KZZR
- Government Camp, Oregon; United States;
- Frequency: 94.3 MHz
- Branding: La Zeta 94.3

Programming
- Format: Regional Mexican

Ownership
- Owner: Bustos Media; (Bustos Media Holdings, LLC);
- Sister stations: KGDD, KOOR

History
- First air date: November 1998 (as KJUN at 94.1 in Tillamook)
- Former call signs: Tillamook: KJUN (1997–1999) KTIL-FM (1999–2010) Government Camp: KZPT (2010)
- Former frequencies: 94.1 MHz (1999–2006, Tillamook, OR)

Technical information
- Licensing authority: FCC
- Facility ID: 82538
- Class: C2
- ERP: 3,400 watts
- HAAT: 513 meters (1,683 feet)
- Transmitter coordinates: 45°20′01″N 121°42′45″W﻿ / ﻿45.33361°N 121.71250°W

Links
- Public license information: Public file; LMS;
- Webcast: Listen Live
- Website: laradiodeportland.com

= KZZR =

KZZR (94.3 FM, "La Zeta 94.3") is an American radio station licensed to serve Government Camp, Oregon, United States.

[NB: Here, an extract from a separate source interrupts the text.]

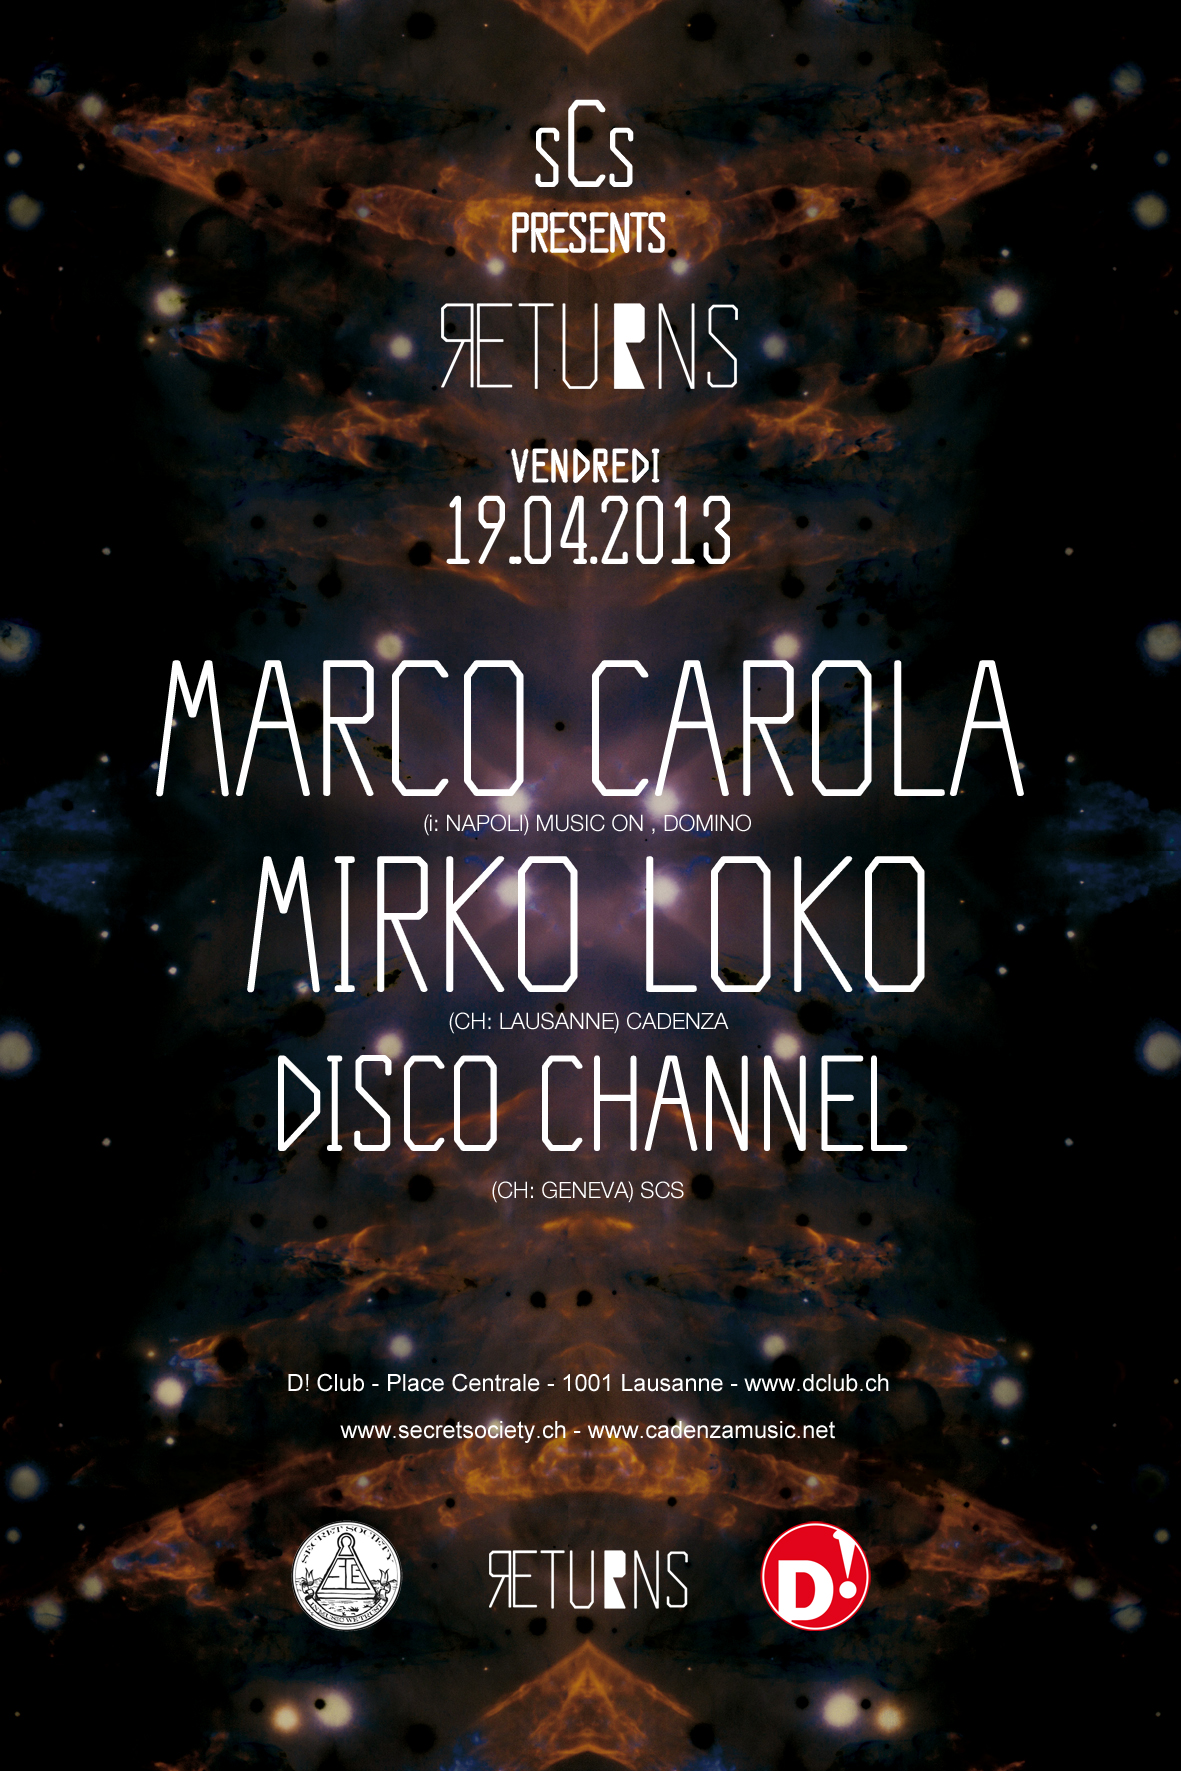 Marco Carola & Mirko Loko - @D! Club

The station, which began broadcast operations in 1998, is owned and operated by Bustos Media while the station's broadcast license is held by Bustos Media Holdings, LLC. Until February 2011, the station had been licensed to serve the community of Tillamook, Oregon. The transmitter site is near Mount Hood, and studios are in Southeast Portland.

==Programming==
Until 2010, KZZR broadcast an oldies-leaning adult contemporary music format. In addition to its usual music programming, the station broadcast Tillamook High School football and basketball games, University of Oregon Ducks football games, and the NBA's Portland Trail Blazers basketball games. After going dark for more than six months, KZZR returned to the air in early 2011 with a Regional Mexican music format.

==History==
This station received its original construction permit from the Federal Communications Commission on December 1, 1997. The new station was assigned the call letters KJUN by the FCC on December 19, 1997.

In November 1998, Bedrock & Associates, through its Thunderegg Wireless LLC subsidiary, applied to transfer the construction permit for this station at 94.1 MHz to Oregon Eagle, Inc. The transfer was approved by the FCC on February 4, 1999, and the transaction was consummated on February 24, 1999. On this same day, the transfer of the license for a station at 104.1 MHz (the original KTIL-FM, now known as KFIS) from Oregon Eagle, Inc., to Thunderegg Wireless LLC was also consummated, completing a planned ownership swap.

KJUN received its license to cover from the FCC on February 25, 1999. The station was assigned the KTIL-FM call letters by the Federal Communications Commission on March 8, 1999.

Former logo

Originally licensed to broadcast at 94.1 MHz, KTIL-FM shifted to 94.3 MHz in early 2006 as part of a multi-station "frequency shuffle" that also saw Portland's KPDQ-FM move from 93.7 to 93.9 MHz and KAST-FM (now KRYP) relocate from 92.9 to 93.1 MHz and move into the Portland market.

==Move to Government Camp==
Then-current station licensee Oregon Eagle, Inc., filed an application with the FCC in January 2007 to make several minor changes to their broadcast license. The construction permit issued on November 5, 2008, authorizes the station to upgrade from class C3 to class C2, to increase the effective radiated power of their broadcast signal to 3,400 watts, elevate their antenna to 513 meters (1,683 feet) in height above average terrain, and relocate the transmitter significantly east to 45°20'01"N, 121°42'45"W with a change in community of license to Government Camp, Oregon. The station received a license to cover these changes on February 18, 2011.

==New ownership==
On December 8, 2009, Oregon Eagle Inc. reached an agreement to sell KTIL-FM to Bustos Media for $265,000 in cash. The FCC accepted the application to transfer the broadcast license on December 10, 2009, and the sale was approved by the Commission on March 18, 2010. When the transaction was consummated on June 1, 2010, this became Bustos Media's fifth radio station, and their first FM, in the greater Portland, Oregon, area.

The station fell silent on June 1, 2010, while construction continued at the Government Camp transmitter location. The licensee asserted that "late Spring snows" on Mount Hood had "hampered" their efforts to relocate equipment to the new site. The station was expected to be off the air between 30 and 60 days. The new owners had the FCC change the station's call sign to KZPT on June 10, 2010, and then change it to KZZR on October 25, 2010. The station returned to the air with a Regional Mexican music format in early 2011.